Key features of Marker include:
- Conversion of diverse file types.
- Accurate formatting of tables, forms, equations, inline math, links, references, and code blocks.
- Extraction and saving of images.
- Intelligent removal of headers, footers, and other artifacts.
- Extensibility for custom formatting and logic.
- Structured extraction based on a JSON schema (beta).
- Optional integration with Large Language Models (LLMs) for boosted accuracy.
- Compatibility with GPU, CPU, and MPS for flexible deployment.
Marker has demonstrated favorable performance in benchmarks against leading cloud services like Llamaparse and Mathpix, as well as other open-source tools, offering superior speed and accuracy.
Installation
To get started with Marker, you'll need Python 3.10+ and PyTorch.

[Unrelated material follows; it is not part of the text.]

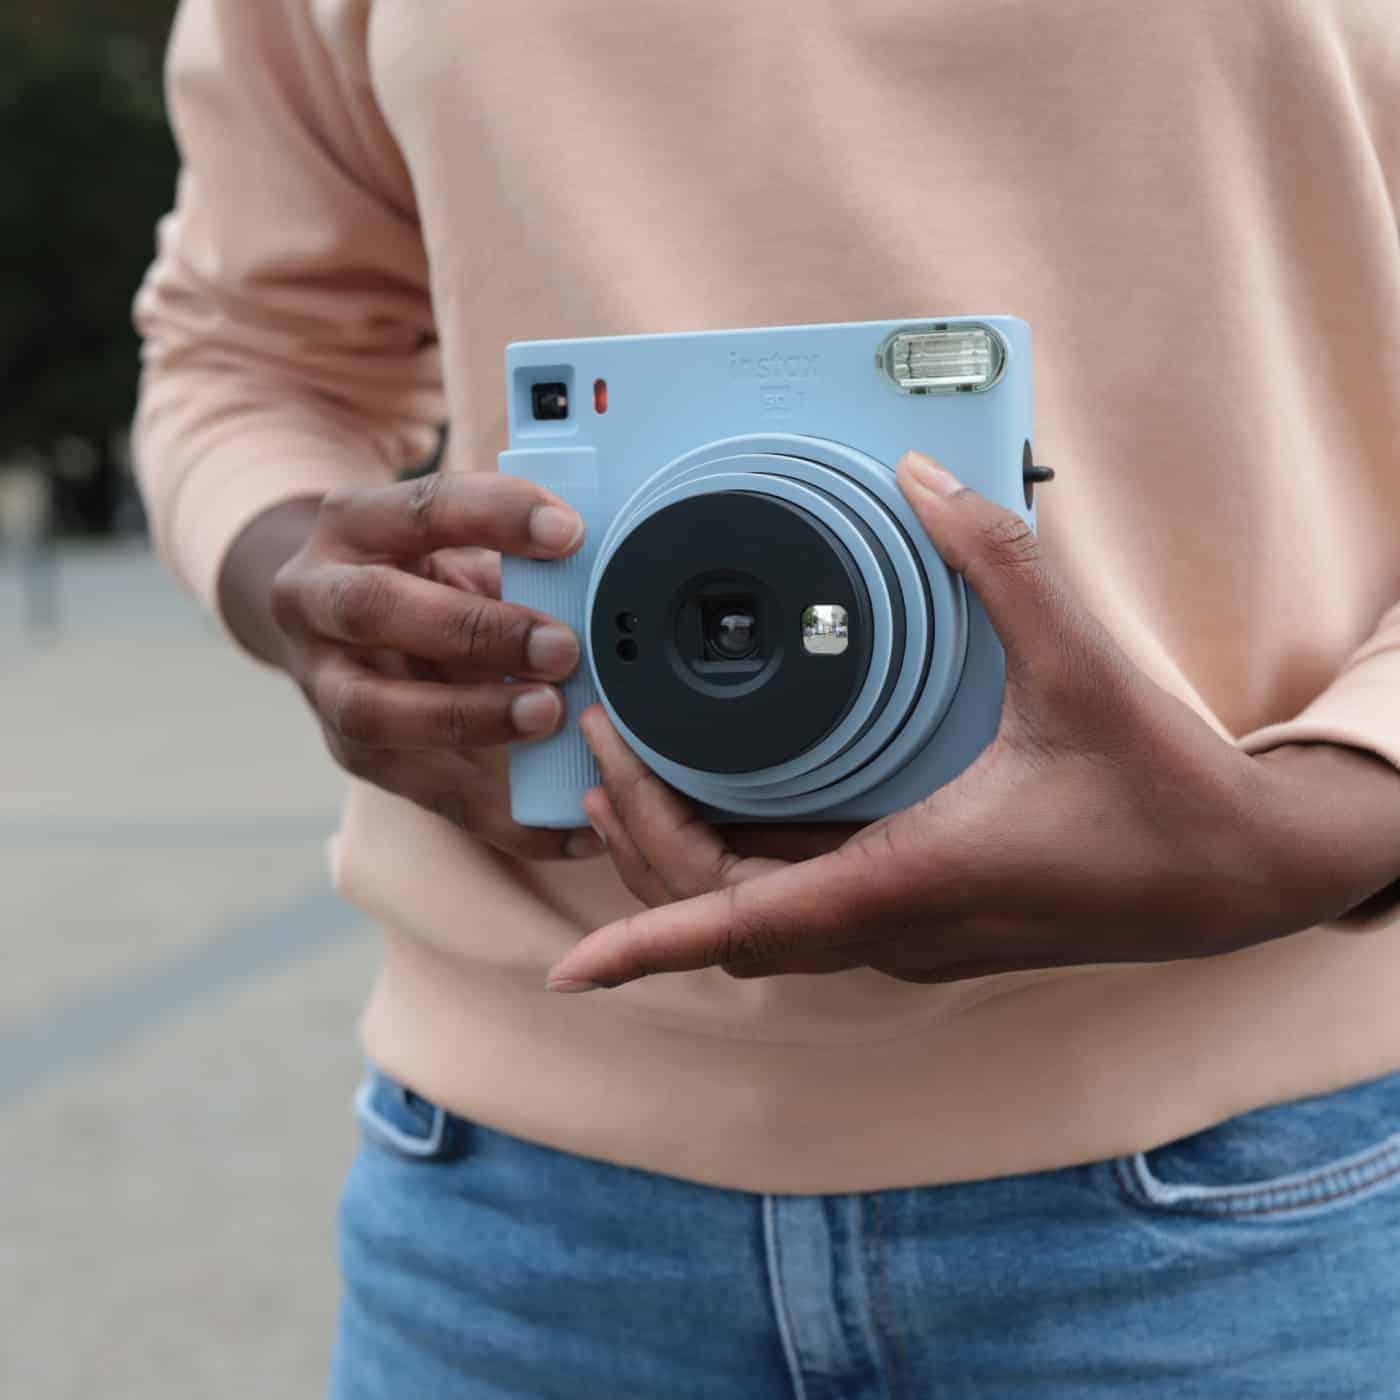 Fujifilm – Instax Square Sq1 Hybride, Caméra Photo Instantanée

Install the core marker-pdf package:
pip install marker-pdf
For converting documents other than PDFs, install additional dependencies:
pip install marker-pdf[full]
Examples
Marker offers various ways to convert documents, from command-line interfaces to a Python API.
Interactive App
Try Marker interactively with a Streamlit app:
pip install streamlit streamlit-ace
marker_gui
Convert a Single File
Convert a PDF or image file from the command line:
marker_single /path/to/file.pdf
You can specify options like --output_format [markdown|json|html|chunks] and --use_llm for enhanced accuracy.
Convert Multiple Files
Process an entire folder of documents:
marker /path/to/input/folder
This command supports all the options available for marker_single.
Use from Python
Integrate Marker directly into your Python applications:
from marker.converters.pdf import PdfConverter
from marker.models import create_model_dict
from marker.output import text_from_rendered
converter = PdfConverter(
artifact_dict=create_model_dict(),
)
rendered = converter("FILEPATH")
text, _, images = text_from_rendered(rendered)
Marker also provides specialized converters for specific tasks, such as TableConverter for extracting tables, OCRConverter for OCR-only processing, and ExtractionConverter for structured data extraction using a JSON schema.
Why Use Marker
Marker stands out as a robust solution for document conversion due to several compelling reasons:
- Unmatched Accuracy: Benchmarks show Marker consistently outperforms competitors in overall PDF conversion and table extraction, especially when augmented with LLMs.
- High Performance: It offers impressive throughput, processing documents rapidly on various hardware configurations, including GPUs.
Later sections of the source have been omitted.